DRUG INTERACTIONS ( CASE STUDIES RELATED TO ALTERED DRUG DISTRIBUTION )

(i) DISPLACEMENT FROM PROTEIN BINDING SITES :

An interaction of this type occurs when two drugs that are capable of binding to proteins are administered concurrently. Although they may bind at different sites on the protein molecule, the binding characteristics of one of the drugs is altered (NONCOMPETITIVE DISPLACEMENT). More significant situations are those in which both drugs re capable of binding to the same sites on the protein (COMPETITIVE DISPLACEMENT). Since there are only a limited number of protein binding sites, competition will exist and the drug that has the greater affinity for the binding sites will displace the other from plasma or tissue proteins. Protein bound fraction of a drug in the body is not pharmacologically active. An equilibrium exists between bound and unbound fractions and as the unbound or "free" form of the drug is metabolized and excreted, bound drug is gradually released to maintain the equilibrium and pharmacologic response. Binding of drugs to serum albumin is readily reversible and the albumin drug complex essentially serves as a reservoir. The maximum intensity of action of a highly bound drug may be decreased as a result of binding to albumin; the duration of action is also extended.

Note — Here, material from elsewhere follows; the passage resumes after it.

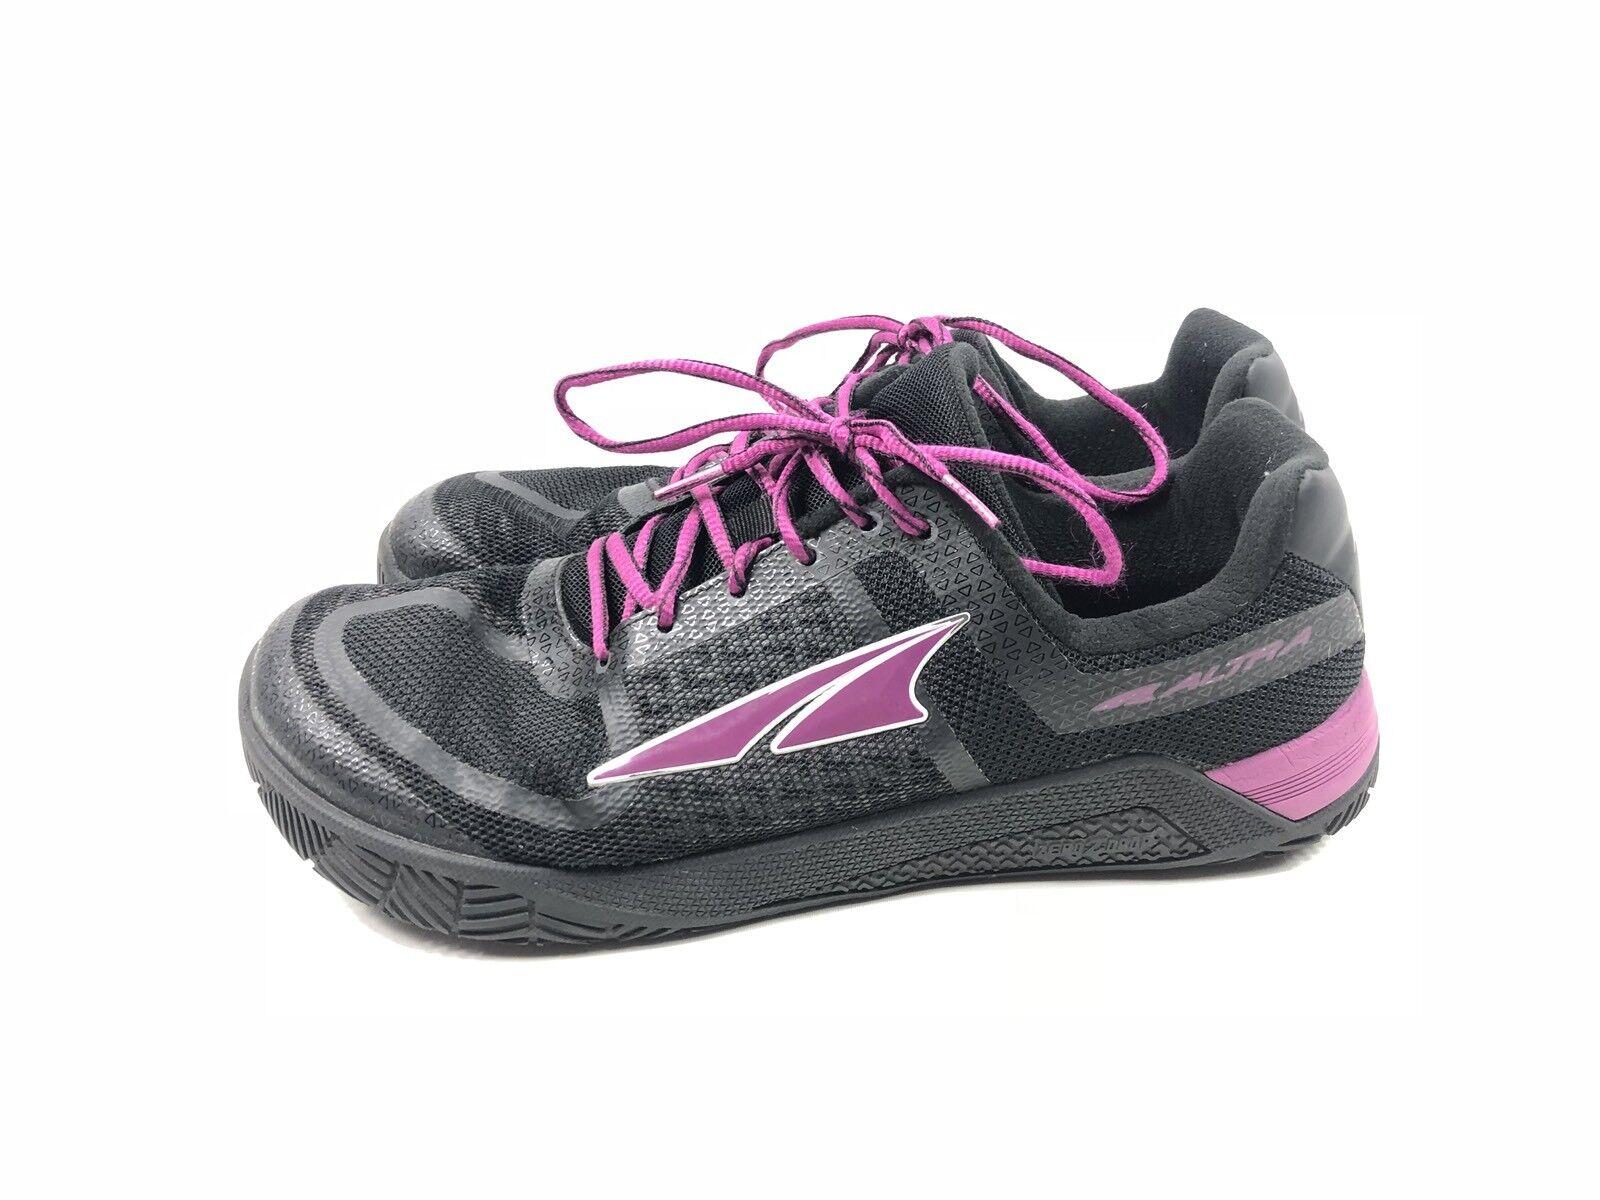 Altra Footwear Women's Hiit XT Black Purple Training shoes Size 9.5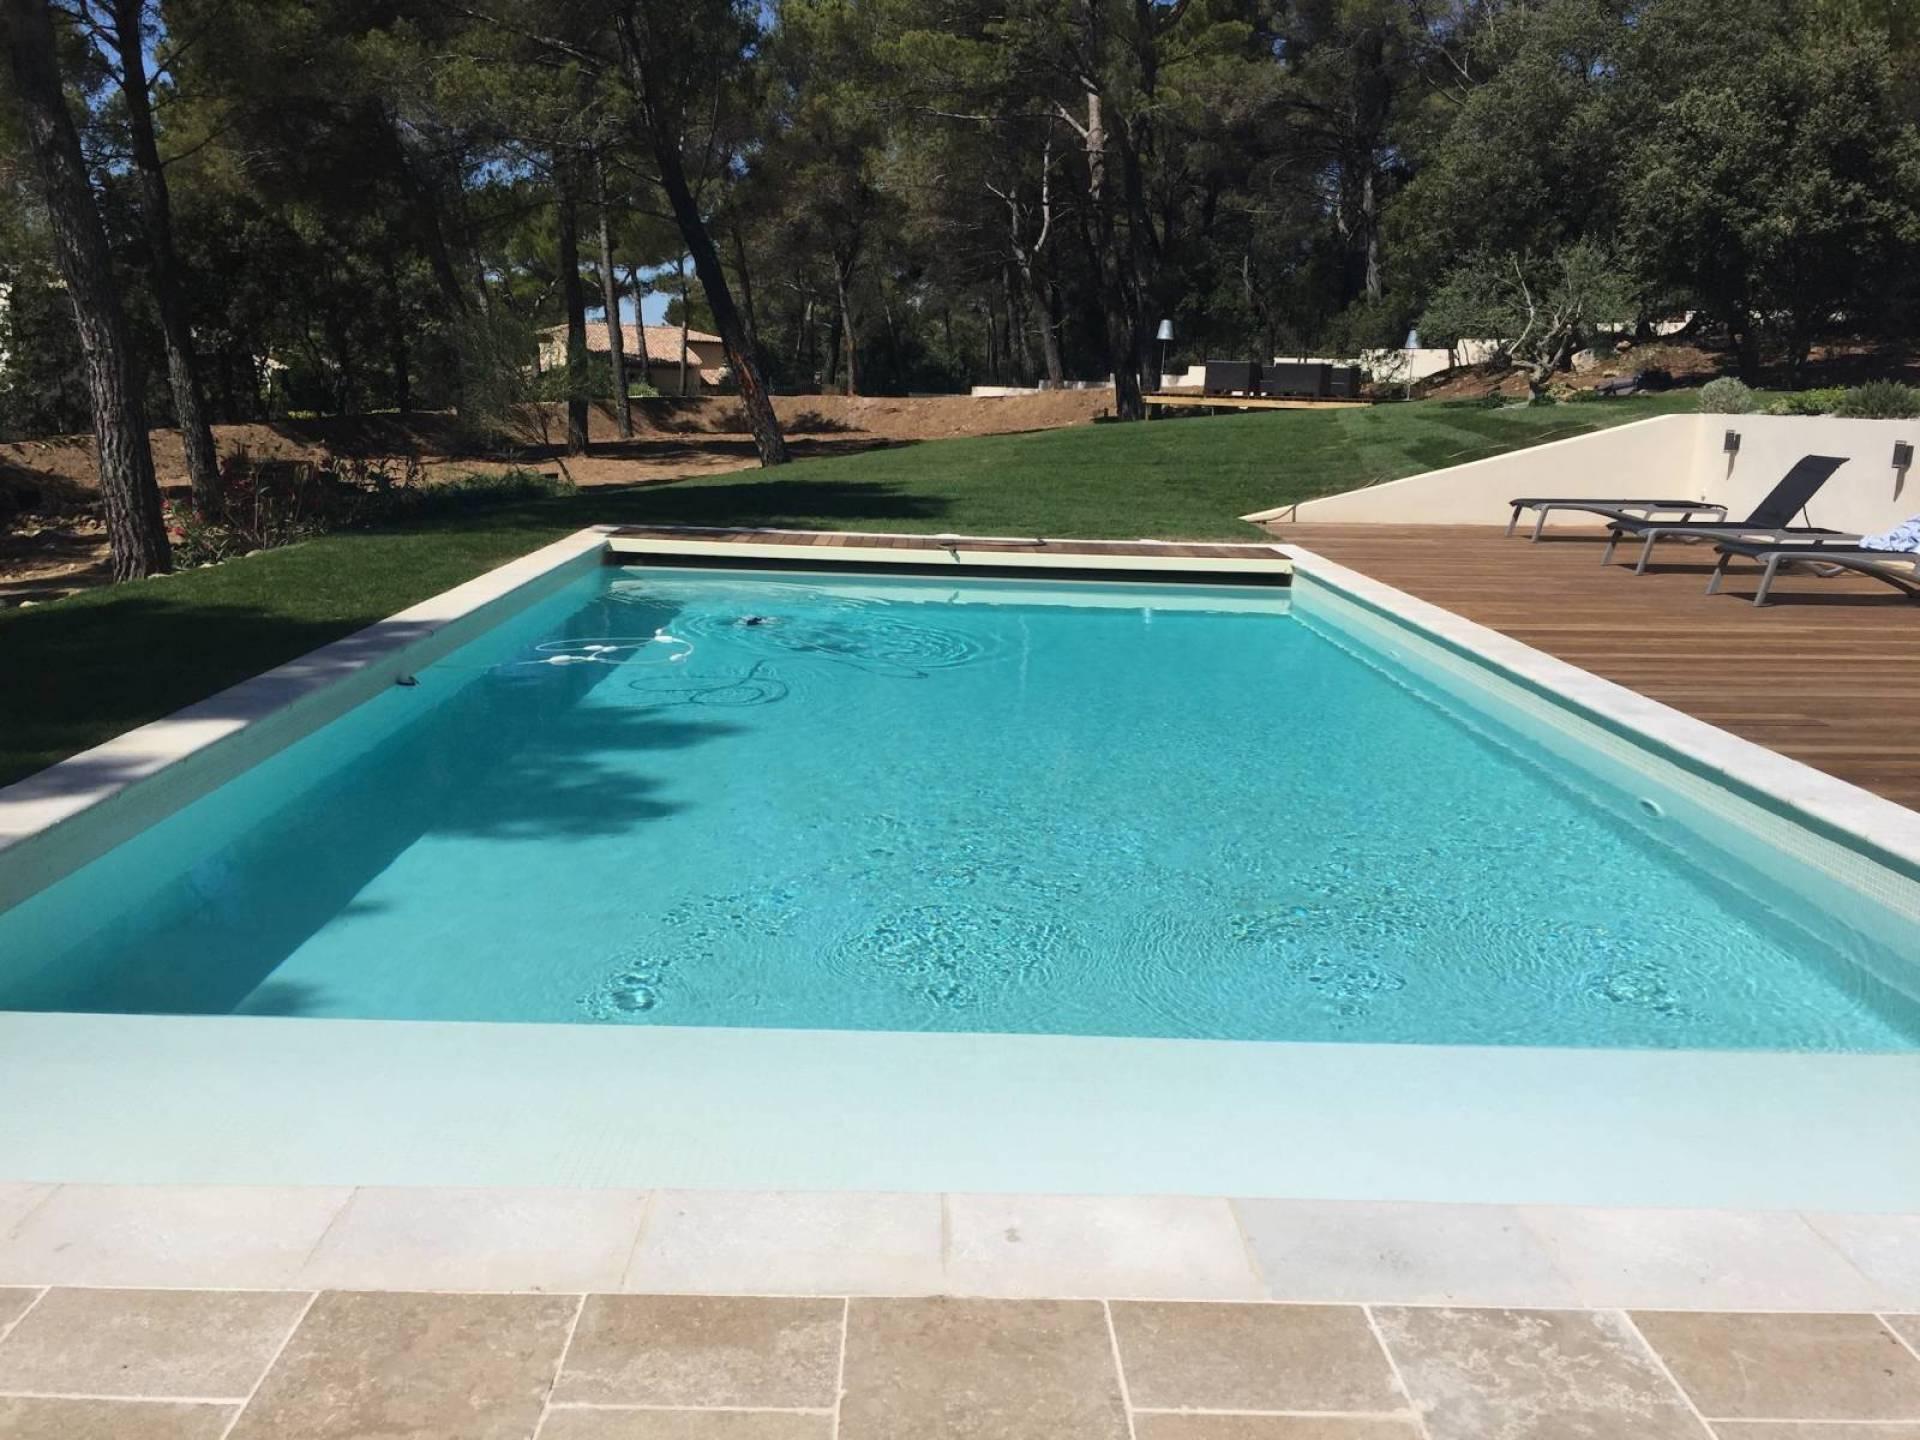 Am nagement ext rieur terrasse et piscine en paca mobilier d coration architecture c t - Piscine bassin exterieur aixen provence ...

The risk of an interaction occuring is greatest with drugs that are highly bound (more than 90%) and that also have a small apparent volume of distribution. Since only a small fraction of the drug is available in the "free" form, the displacement of even a small fraction of amount bound to proteins could produce a considerable increase in activity.

a) WARFARIN - PHENYLBUTAZONE :

Both phenylbutazone and warfarin are extensively protein bound, especially to albumin. Phenylbutazone has a greater affinity for the binding sites, resulting in displacement of warfarin. The "free" drug quantities of warfarin are thus available in larger amount and activity of anticoagulant is increased and there is a risk of haemorrhage.

b) BILIRUBIN - SULPHONAMIDES :

Bilirubin is bound to albumin binding sites and drugs like sulphonamides are capable of displacement of bilirubin from albumin. SULPHISOXAZOLE can precipitate KERNICTERUS (presence of unconjugated bilirubin in brain) leading to pseudojaundice due to displacement from binding sites.

c) METHOTREXATE - SULPHONAMIDES :

Methotrexate is highly bound to plasma proteins. Salicylates and sulphonamides are capable of displacing it from the binding sites. So there is a potential for toxicity with methotrexate.

d) HYPOALBUMINEMIA :

Many drugs are extensively bound to plasma proteins. So decreased concentrations of proteins enhances the availability of free drugs and thus their activity. Adverse drug reactions are higher in patients with hypoalbuminemia (example, in renal and gastrointestinal diseases). When serum albumin concentration is less than 2.5g/100 ml, frequency of prednisone side effects is almost doubled.

e) PROTEIN - BINDING SITES AND DISEASED STATES :

Binding of phenytoin to plasma proteins was found to be decreased in patients with decreased or poor renal function. Greater amount of "free" phenytoin leads to toxicity. A number of acidic drugs such as WARFARIN, BARBITURATES, SALICYLATES are bound to a lesser extent in the case of impaired renal function.